**Instructions to follow**
All the data should be repeated exactly. Any image in it is left out.

**Information supplied**
• • • •

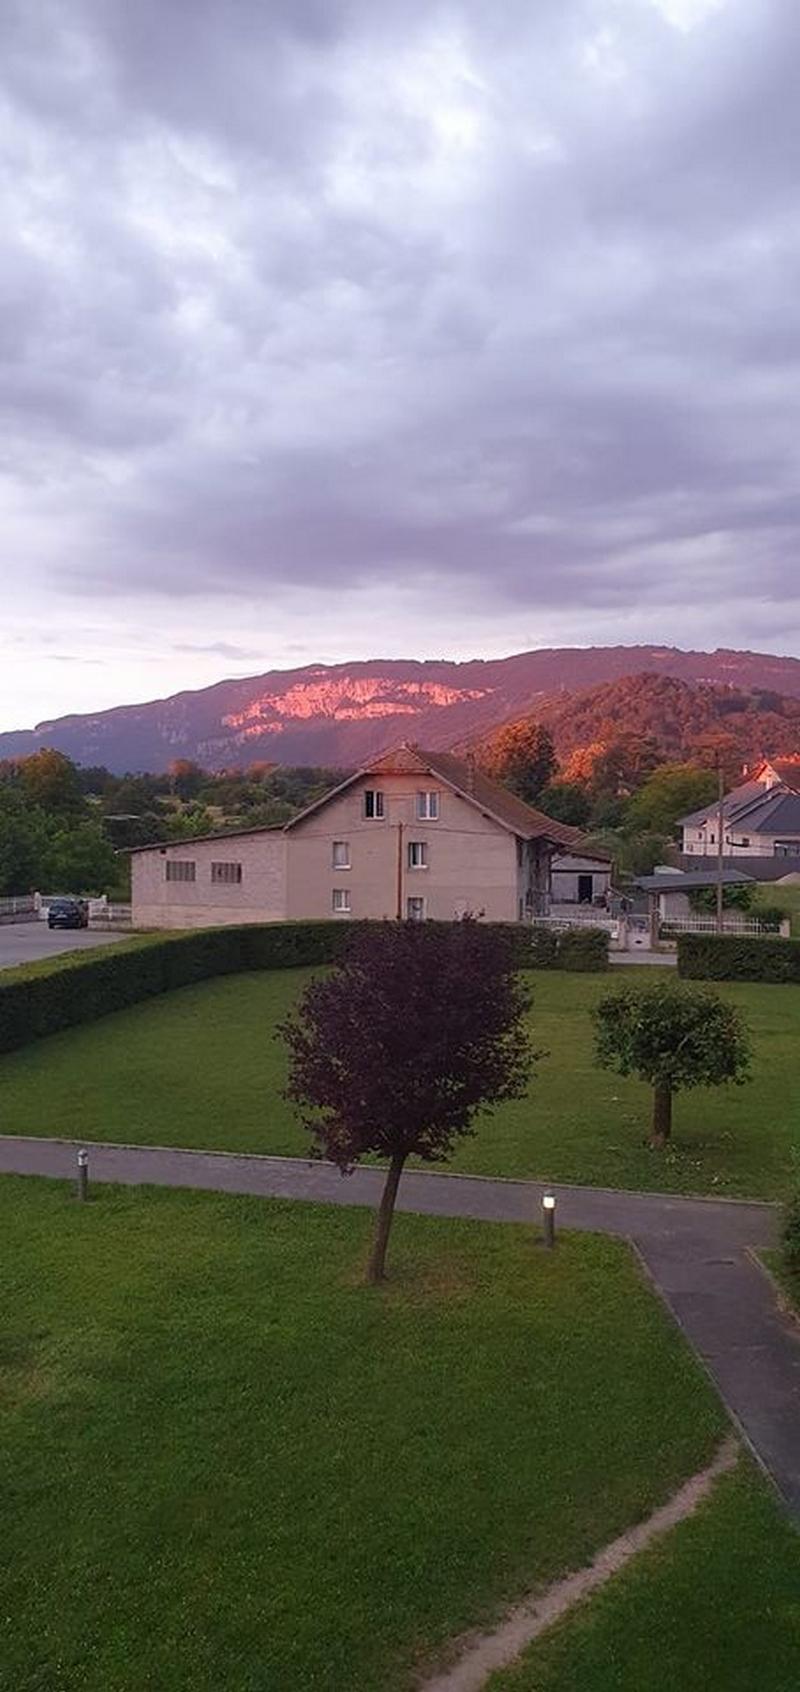 franciaorszag_saint_genix_les_villages_viktoria.jpg
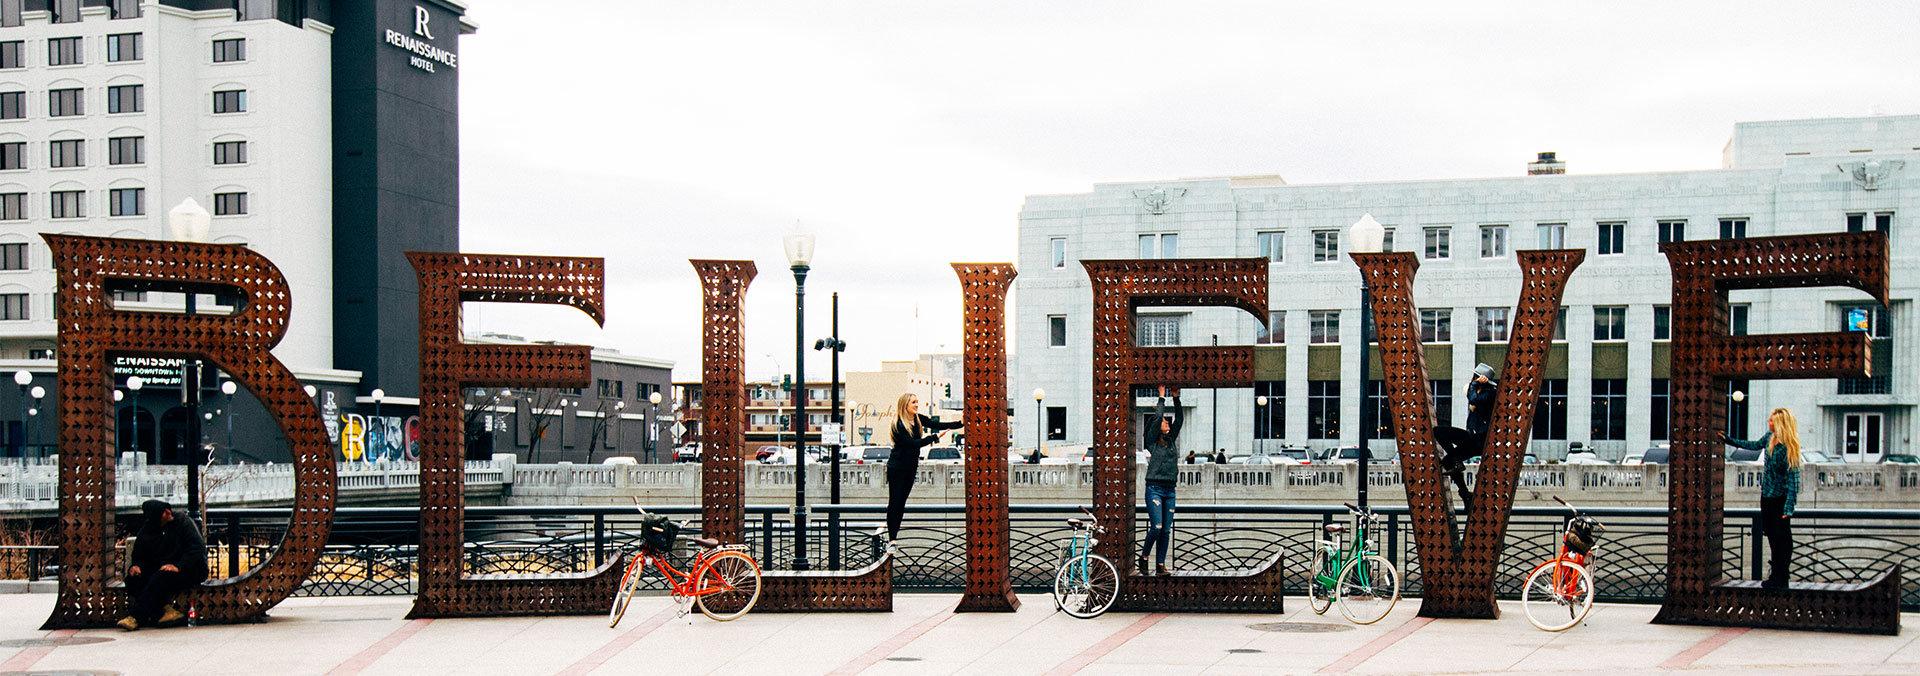 Believe Reno City Plaza
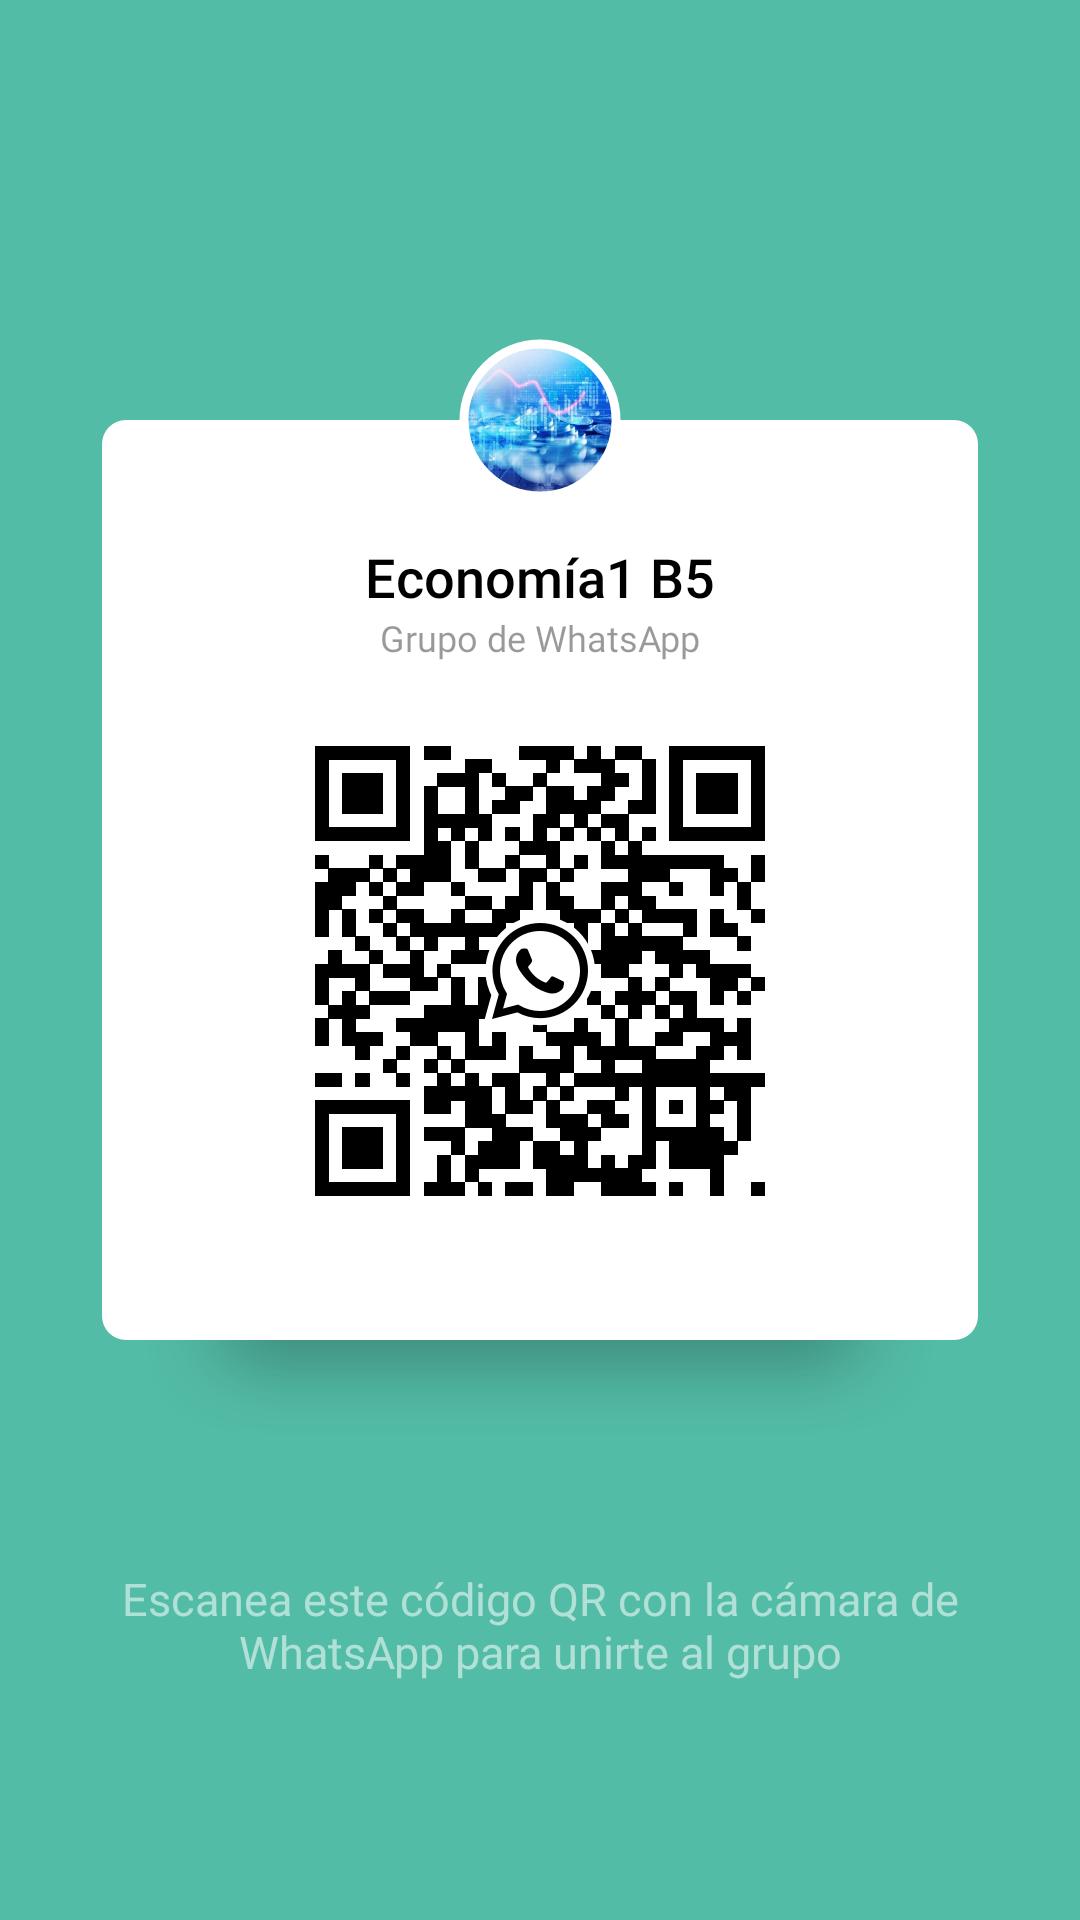 Economía1 B5

• • • •

**Answer box**
 franciaorszag_saint_genix_les_villages_viktoria.jpg
 Believe Reno City Plaza
 Economía1 B5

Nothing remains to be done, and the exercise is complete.